Program T-REX (Tree and reticulogram reconstruction)


Vladimir Makarenkov (with contributions from Alix Boc, Philippe Casgrain, Abdoulaye Baniré Diallo, Alpha Boubacar Diallo, Olivier Gascuel, Alain Guénoche, Pierre-Alexandre Landry, François-Joseph Lapointe, Bruno Leclerc, Pierre Legendre, Etienne Lord and Abdellah Mazouzi)

May 2012
Département d'Informatique
Université du Québec à Montréal

References:

Boc, A., Diallo, Alpha B. and Makarenkov, V. (2012), T-REX: a web server for inferring, validating and visualizing phylogenetic trees and networks, Nucleic Acids Research, 40 (W1), W573-579.

Makarenkov, V. 2001.T-Rex: Reconstructing and visualizing phylogenetic trees and reticulation networks, Bioinformatics 17, 664-668.

The up-to-date Web Server version of T-REX is available hereNew!

What does the T-REX web server do?

The T-REX web server allows users to carry out several popular algorithms for inferring and validating phylogenetic trees and networks, and performing other related bioinformatics tasks. A number of new algorithms developed in our laboratory have been also added to T-REX. The up-to-date web server version of T-REX includes:

 

1)     Methods for the visualization, drawing and interactive manipulation of phylogenetic trees (using Hierarchical, Radial and Axial types of drawing). For instance, the Newick Viewer application allows users to visualize a phylogenetic tree coded by its Newick string and the Newick Builder application allows users to draw a phylogenetic tree and then save it as a Newick string.

 

2)     Inference of phylogenetic trees using distances (NJ, NINJA, BioNJ, UNJ, ADDTREE, MW, FITCH, Circular order reconstruction), maximum likelihood (PHYML, RAxML and ML methods from PHYLIP) and maximum parsimony (MP methods from PHYLIP). T-Rex also carries out bootstrap and jackknife resampling to assess strength of support of the tree or network branches.

With tree distance methods a tree metric (i.e. additive distance) is fitted to the given dissimilarity matrix that include evolutionary distances between the considered species (i.e. taxa, objects). For instance, the program carries out six distance-based methods for fitting a tree metric (distance representable by a tree with non-negative branch lengths) to the given dissimilarity matrix. The following distance methods are available:

·       ADDTREE by Sattath and Tversky (1977);

·       Neighbor-joining (NJ) method by Saitou and Nei (1987);

·       NINJA large-scale neighbor-joining by Wheeler (2009);

·       BioNeighbor-joining (BioNJ) method by Gascuel (1997);

·       Unweighted neighbor-joining method (UNJ) by Gascuel (1997);

·       FITCH method from the PHYLIP package by Felsenstein (1989);

·       Circular order reconstruction method by Makarenkov and Leclerc (1997), and Yushmanov (1984);

·       Weighted least-squares method MW by Makarenkov (1999), and Makarenkov and Leclerc (1999).

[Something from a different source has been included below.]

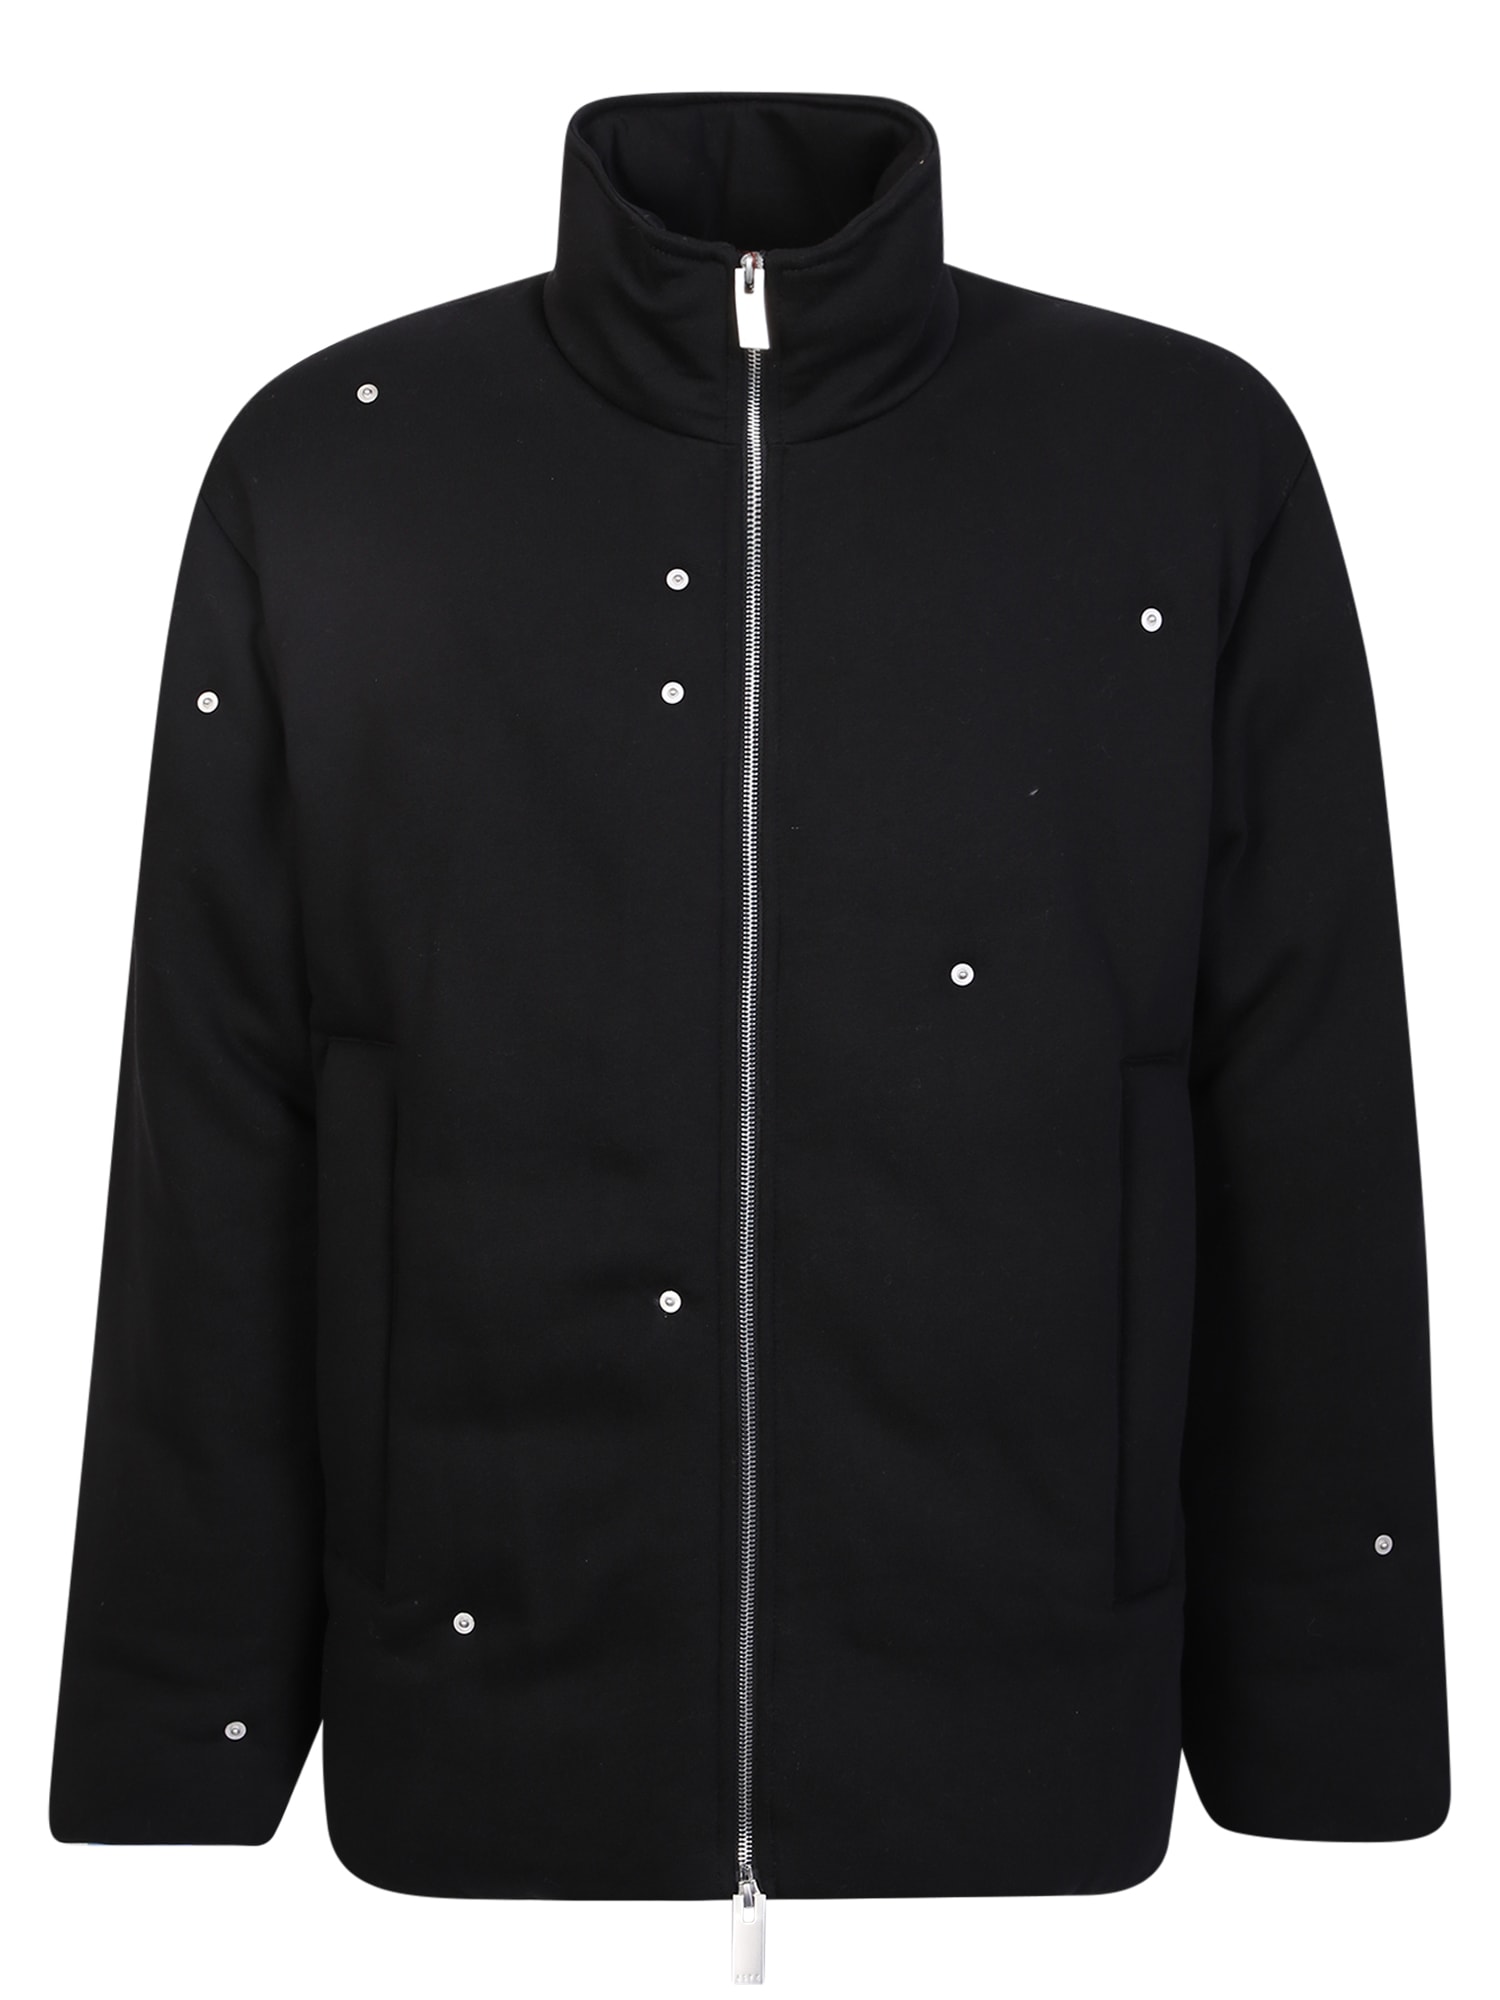 Black Fleece Down Jacket With Buttons
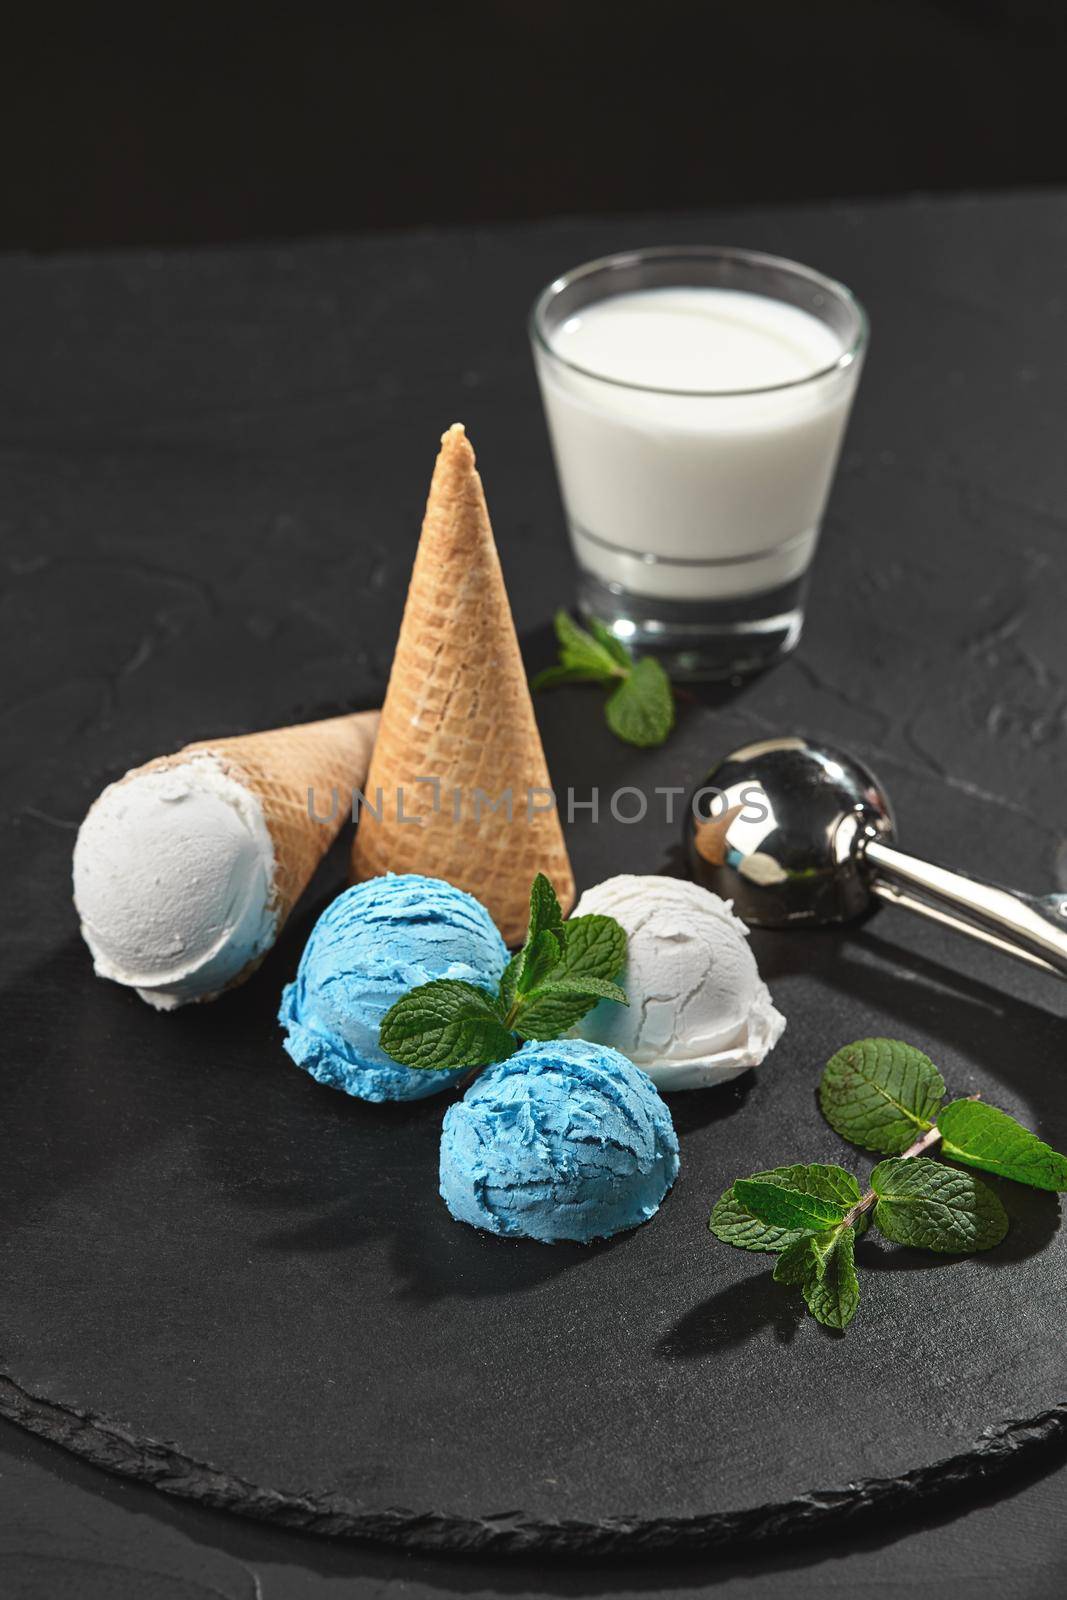 Top view of a delicious natural creamy and blueberry ice cream decorated with mint, and classic waffle cones are served on a stone slate, standing on a dark table over a black background. Metal scoop and a glass of milk is nearby. Close-up shot.

The first three methods, NJ (including NINJA) and ADDTREE, are among the most frequently used methods for inferring phylogenetic trees. The third and forth method, called BioNJ and UNJ, use the same that NJ selection criterion, but different estimation and reduction formulae to infer the tree. The fifth method reconstructs a tree using circular orders of elements associated with a given dissimilarity. This fitting method, presented in Makarenkov and Leclerc (1997), was inspired by Yushmanov's (1984) paper which introduced the concept of circular orders of elements corresponding to the circular (say, clockwise) scanning of leaves of a tree drawing on the plane. The sixth method, called MW, looks for the best additive tree with respect to the given dissimilarity and weight matrices. This method allows for arbitrary weights which may be chosen according to one of the classical weighting models proposed in the literature. The tree obtained by any of the six above-mentioned methods is then polished by means of the procedure of quadratic approximation (see Barthélemy and Guénoche, 1991 in the unweighted case or Makarenkov and Leclerc, 1999 in the weighted case) of branch lengths in order to improve the value of the least-squares criterion and to avoid negative branch lengths.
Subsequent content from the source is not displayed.